While our study was not designed to address the incidence of anaemia in TBV compared with RBV, the rate of anaemia in both the pre-dosed TBV arm and the standard start TBV arm had extremely low anaemia rates −4.3% and 5% respectively. Furthermore, no patient underwent TBV dose reductions or terminations, or required a blood transfusion. The use of EPO was prohibited in the current clinical trial. The EPO has been observed to improve quality of life and adherence to PIFN/RBV treatment while lessening the need for RBV dose reductions in patients developing anaemia on combination therapy.8
Still, other studies have yielded conflicting results as to the impact of EPO on SVR.47, 48
It should be underscored that EPO is not approved by the FDA for use in combination with PIFN/RBV. Furthermore, EPO has been associated with its own unique adverse events, and the addition of EPO to treatment regimens increases both the complexity and cost of treating patients with HCV.

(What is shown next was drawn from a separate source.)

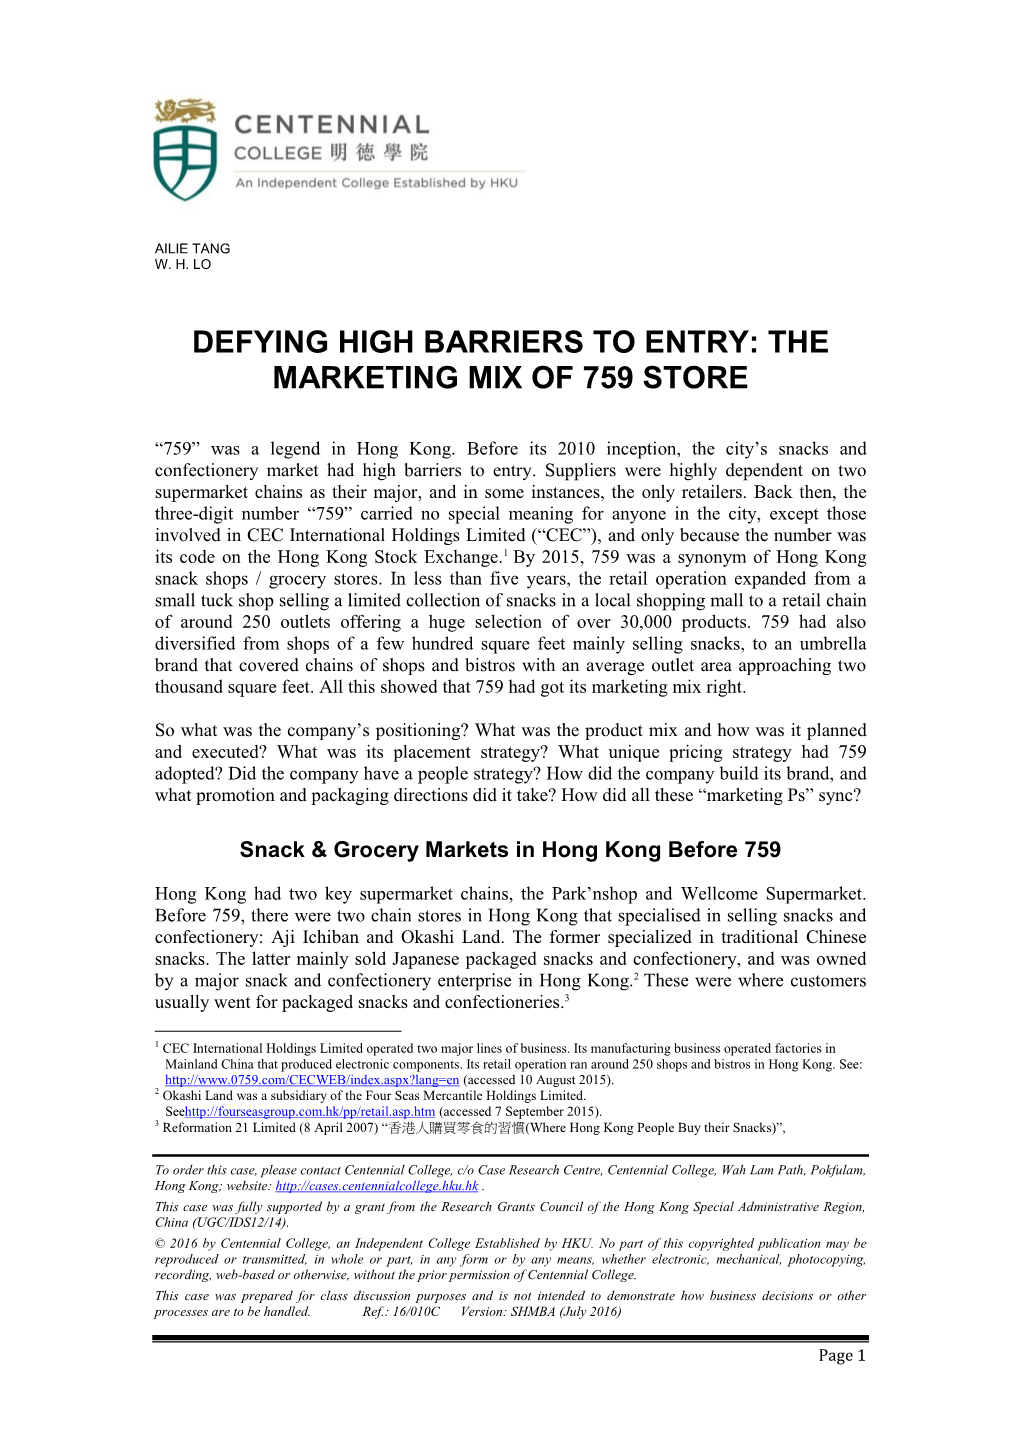 The Marketing Mix of 759 Store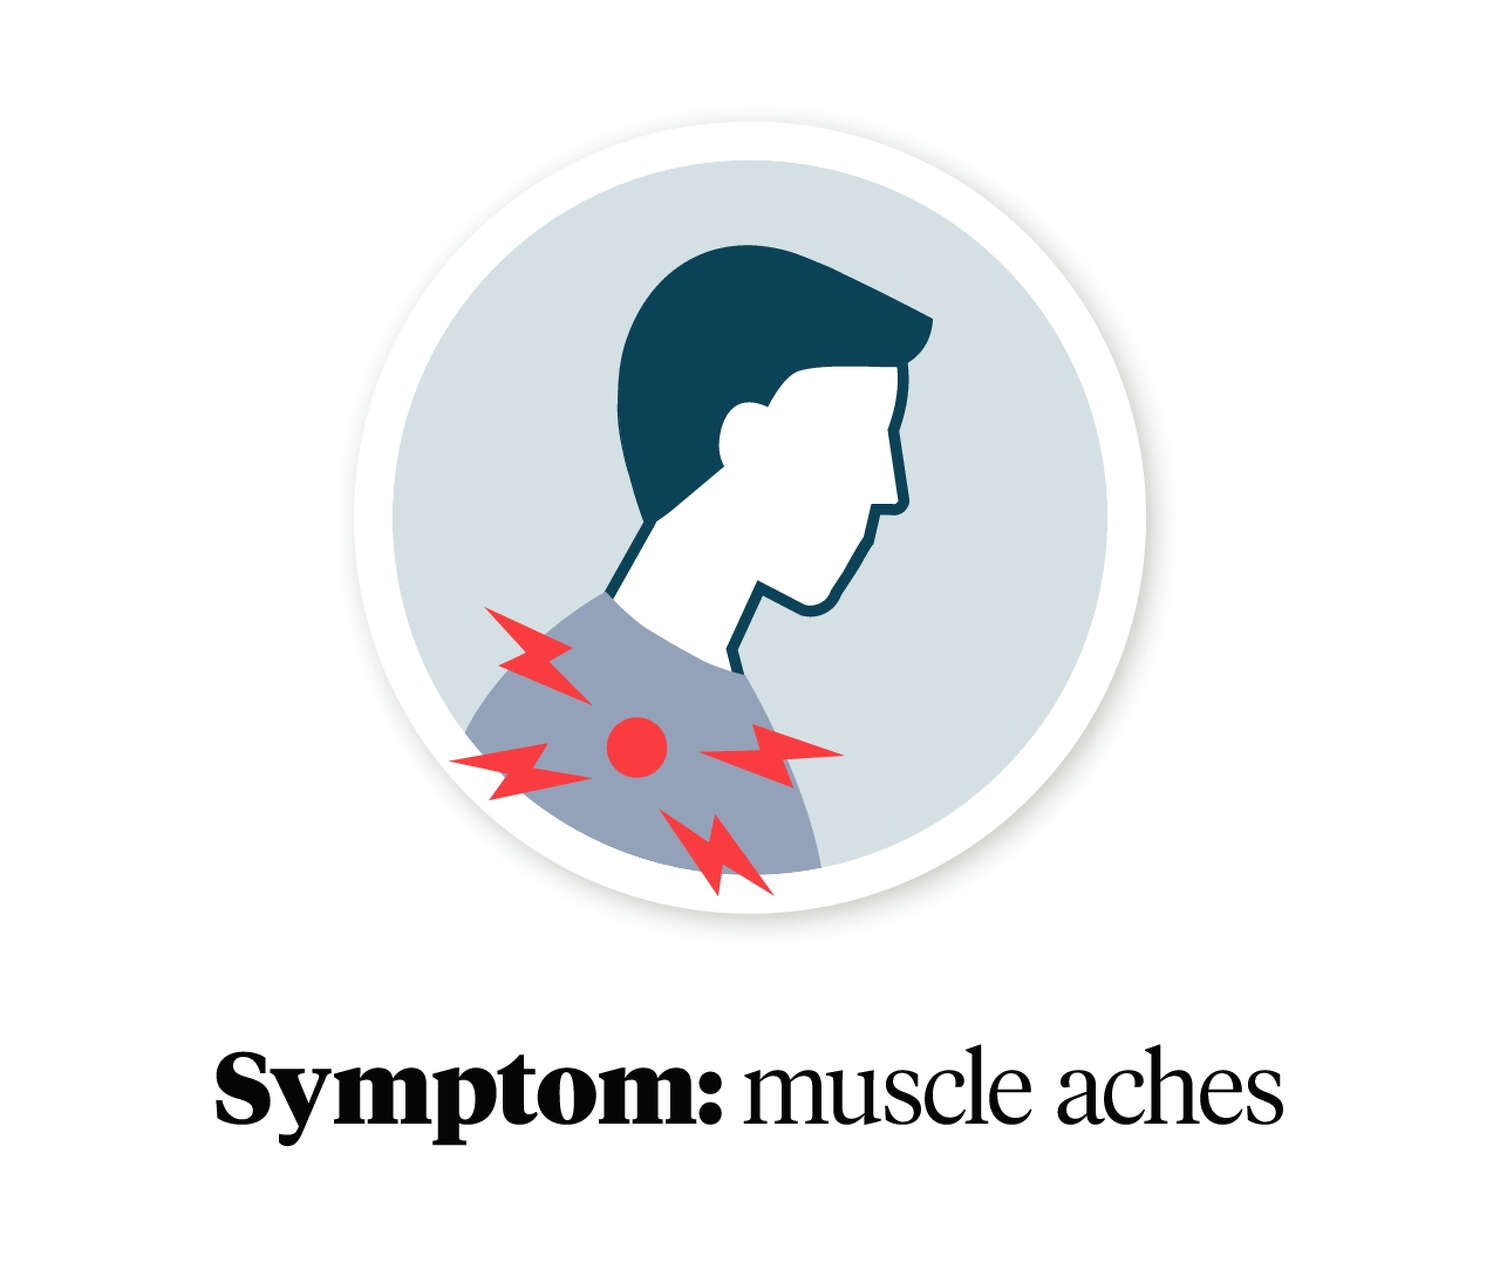 Graphic showing a person with muscle aches

For patients with G1 HCV receiving triple combination therapy with a protease inhibitor plus PIFN/RBV, the protease inhibitor cannot be dose reduced or used without RBV. Thus, if RBV requires permanent discontinuation, BOC or TVR would also need to be permanently discontinued due to the risk of developing viral rebound and/or drug resistance. Given the added concerns of anaemia developing during triple combination therapy, studies are needed to determine the safety and efficacy of TBV instead of RBV as a component of triple therapy.